(Task description)
Give the data below again exactly as written, without its pictures.

(Supplied information)
------------------------------------

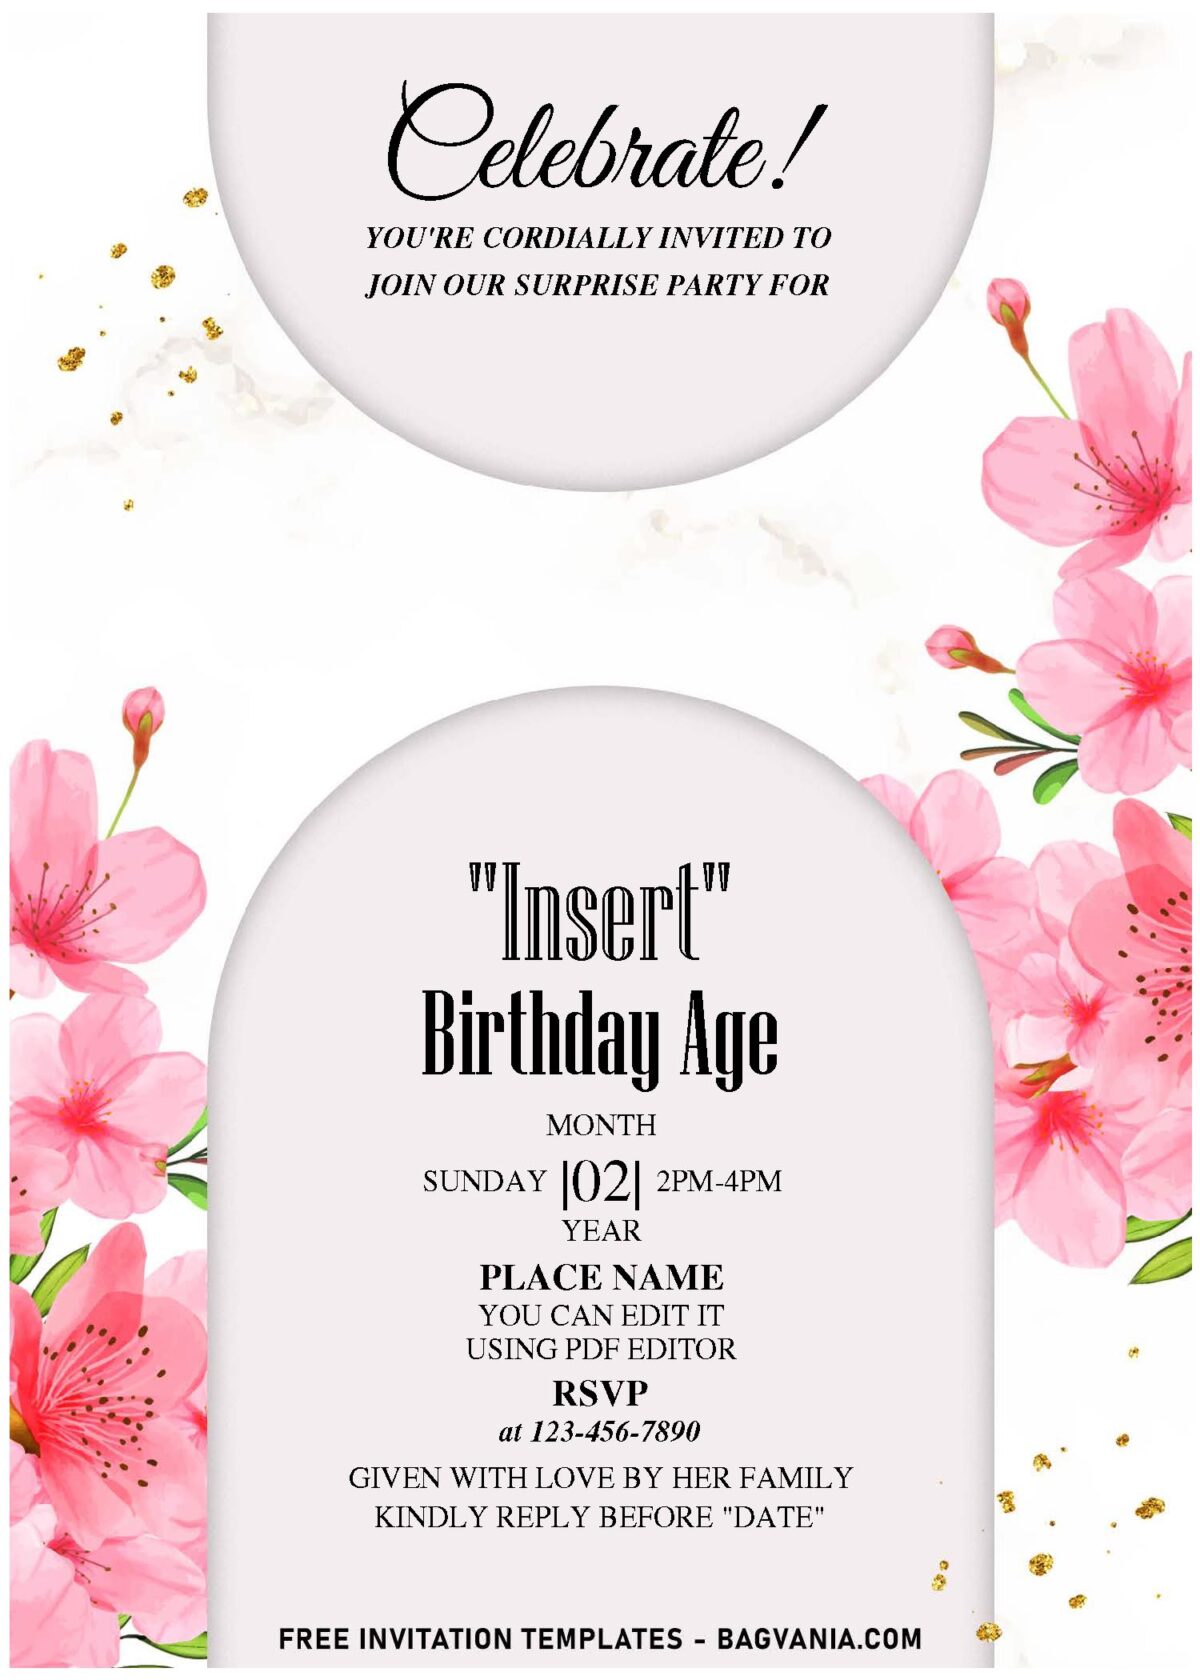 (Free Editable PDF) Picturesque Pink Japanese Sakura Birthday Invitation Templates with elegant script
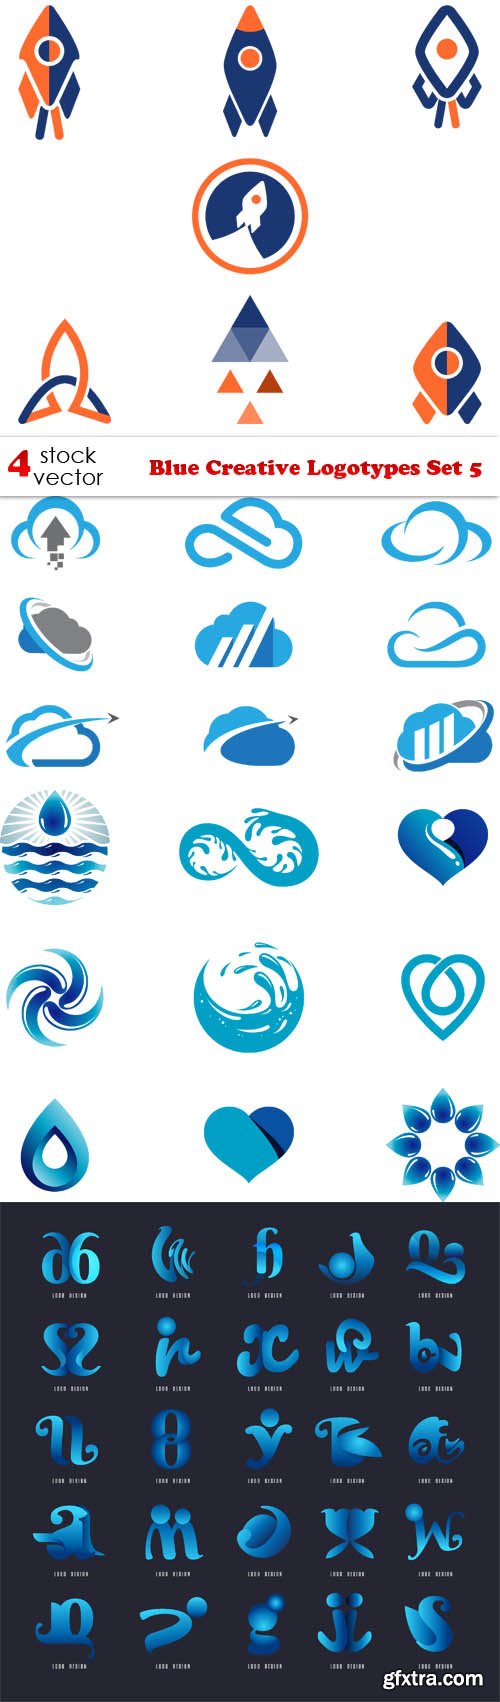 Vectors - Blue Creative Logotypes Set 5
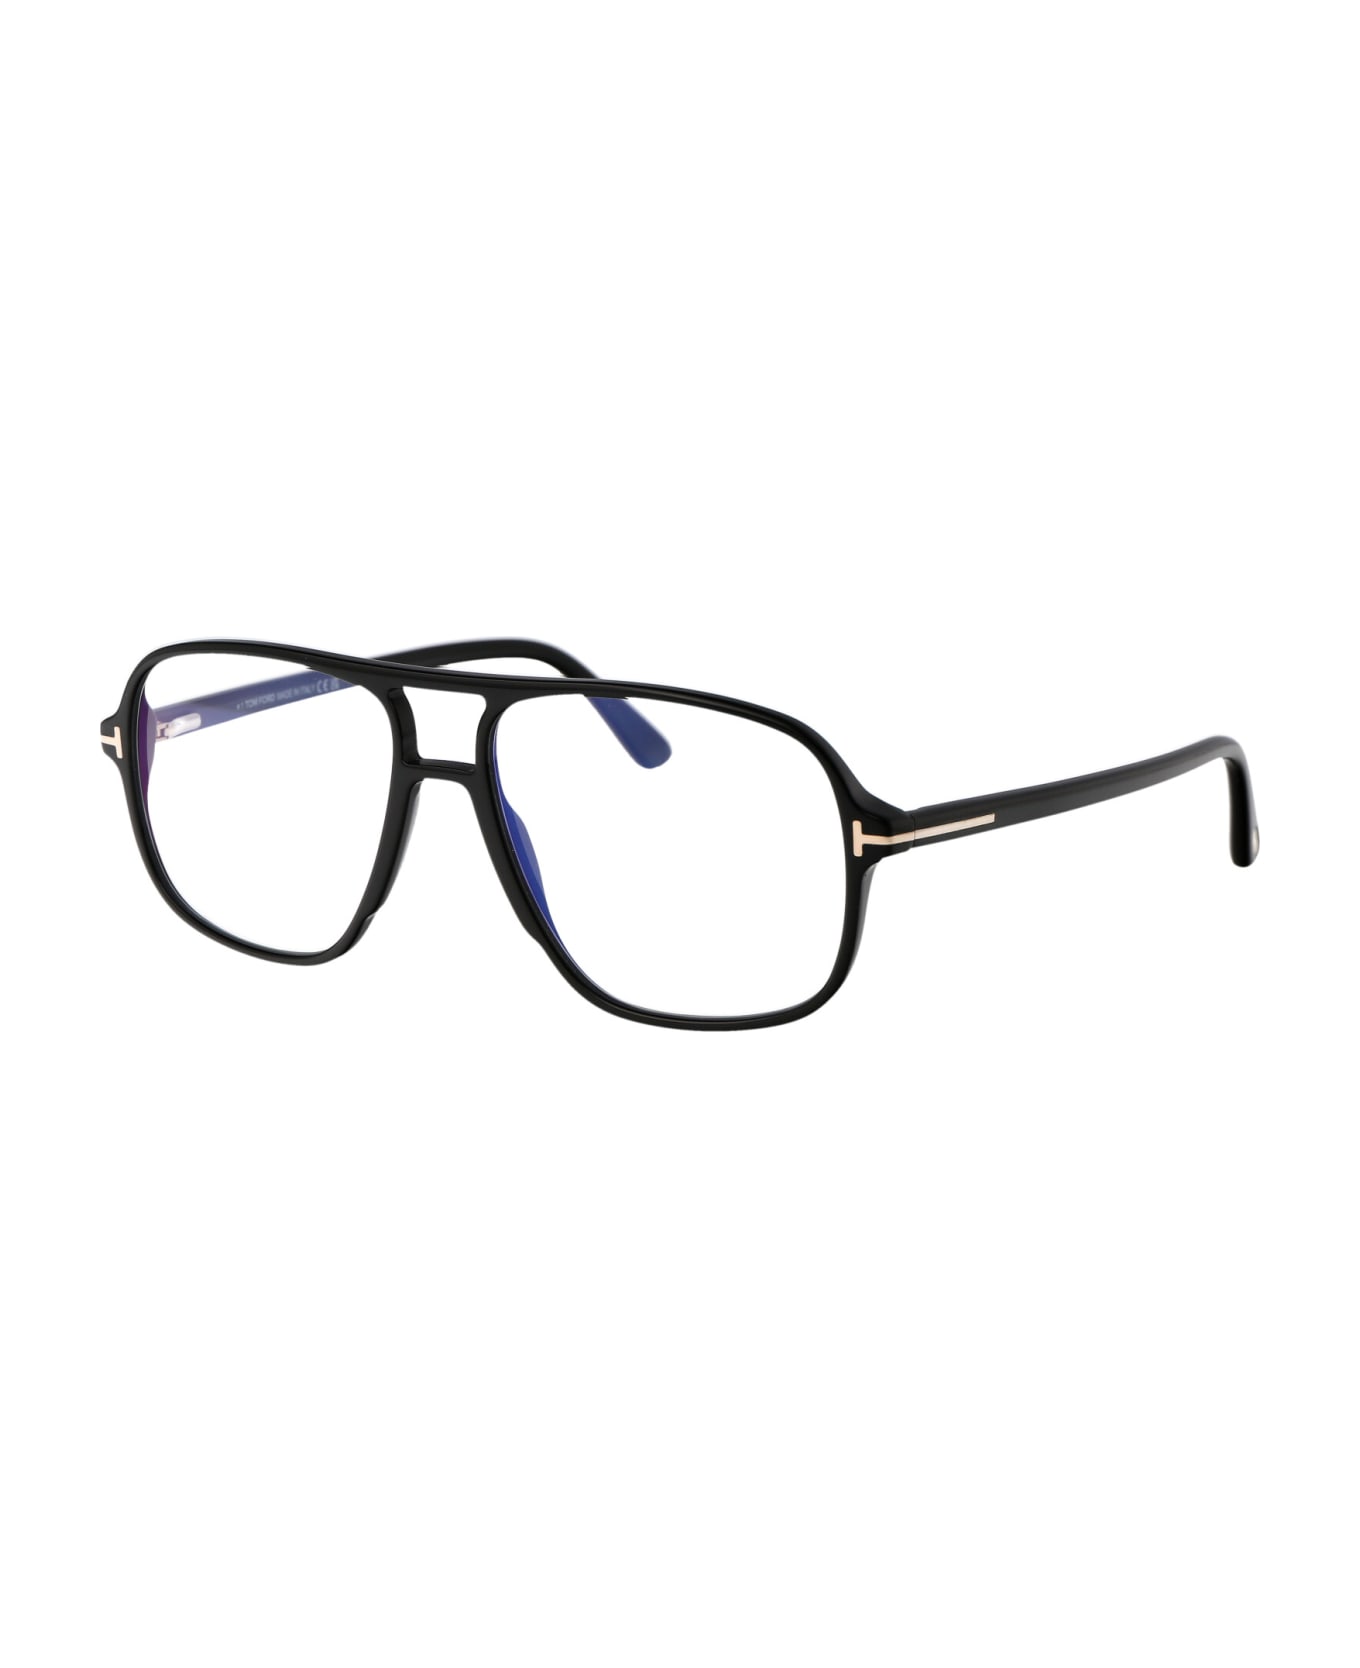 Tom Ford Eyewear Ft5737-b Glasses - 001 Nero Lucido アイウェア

------------------------------------

(Your response)
 (Free Editable PDF) Picturesque Pink Japanese Sakura Birthday Invitation Templates with elegant script
 Vectors - Blue Creative Logotypes Set 5
 Tom Ford Eyewear Ft5737-b Glasses - 001 Nero Lucido アイウェア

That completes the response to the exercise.